ABOUT THIS TASK: Transcribe all of the data exactly. Images stay out.

DATA BLOCK:
-=-=-
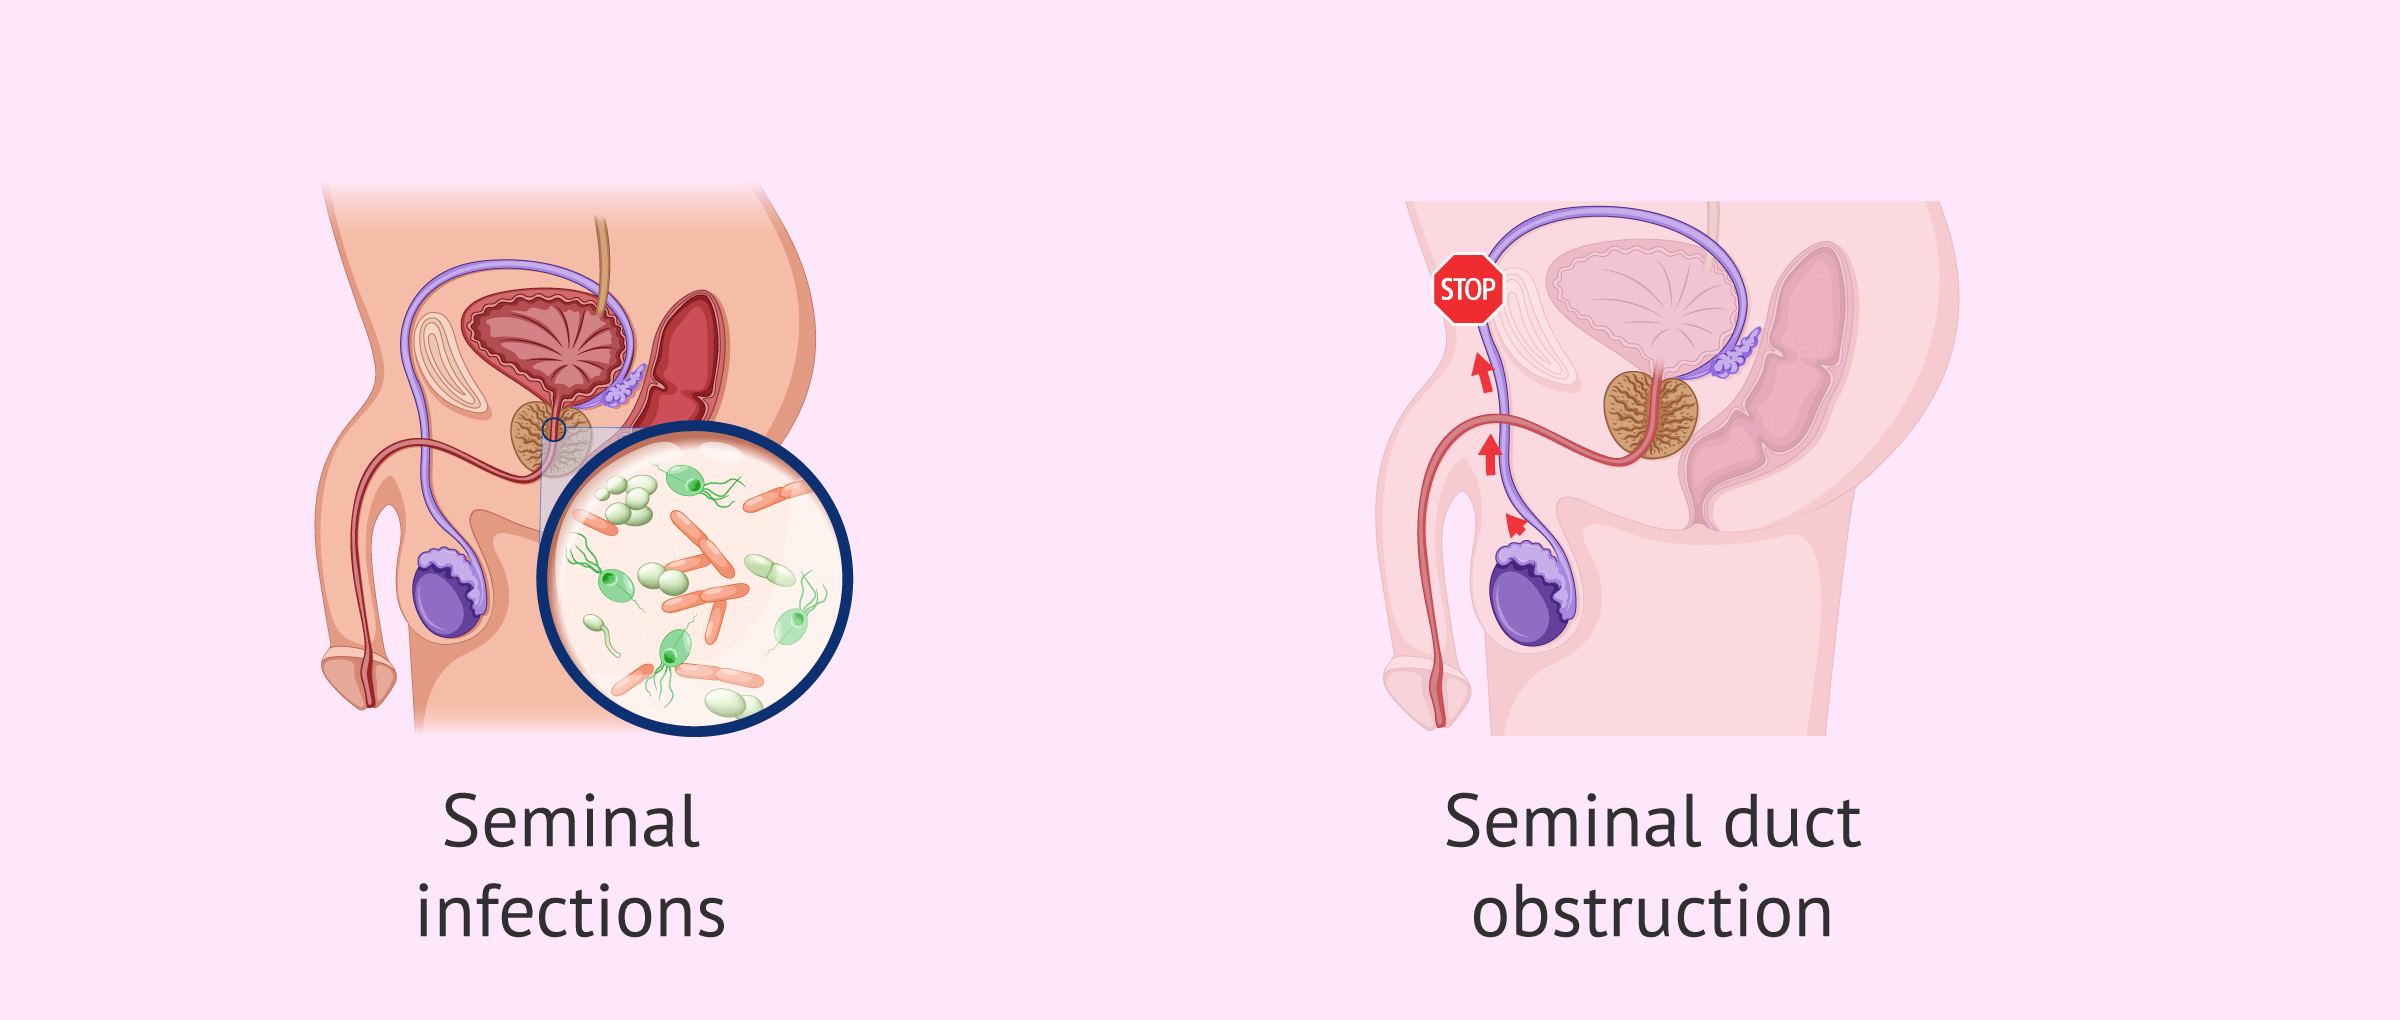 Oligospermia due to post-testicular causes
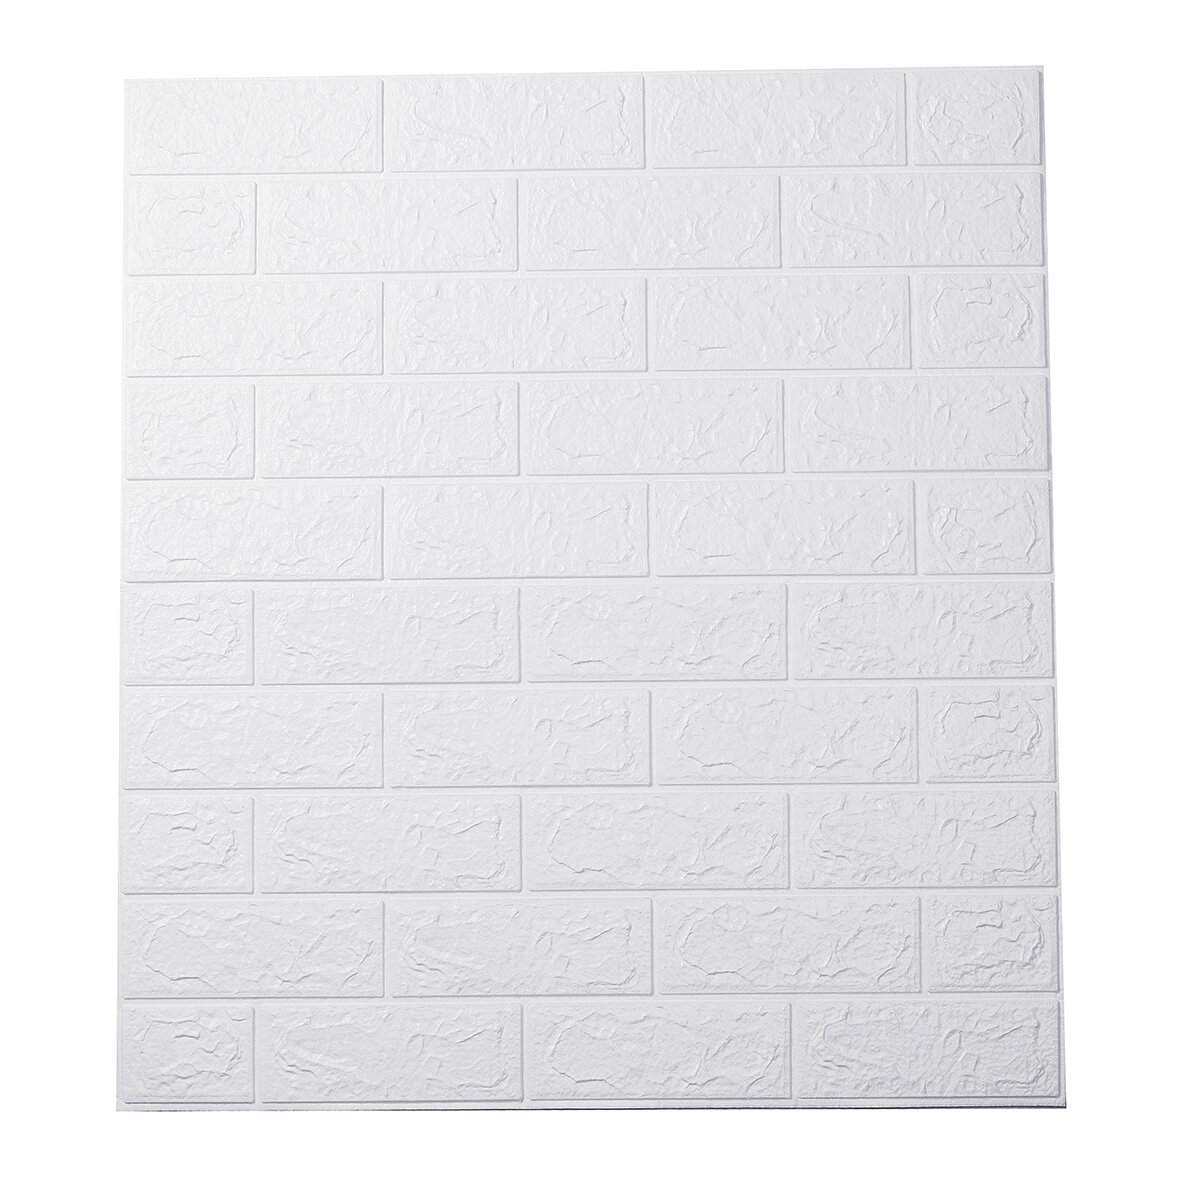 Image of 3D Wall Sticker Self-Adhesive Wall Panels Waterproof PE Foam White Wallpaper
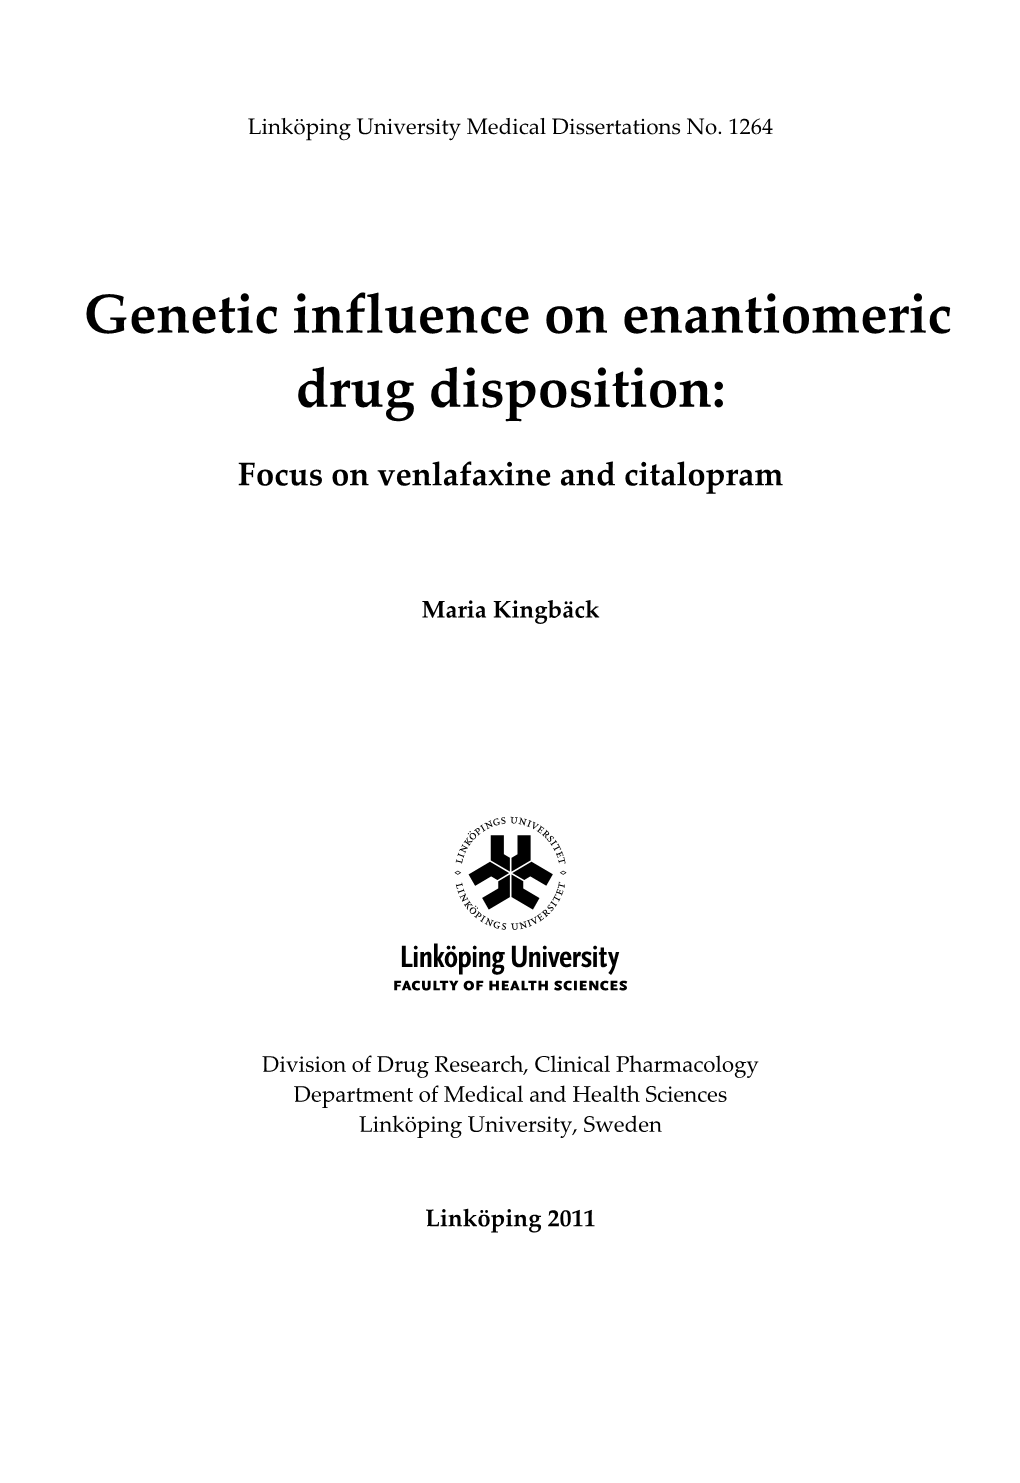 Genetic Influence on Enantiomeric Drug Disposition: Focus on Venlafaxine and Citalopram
-=-=-
REPLY TO THE EXERCISE:
 Oligospermia due to post-testicular causes
 Image of 3D Wall Sticker Self-Adhesive Wall Panels Waterproof PE Foam White Wallpaper
 Genetic Influence on Enantiomeric Drug Disposition: Focus on Venlafaxine and Citalopram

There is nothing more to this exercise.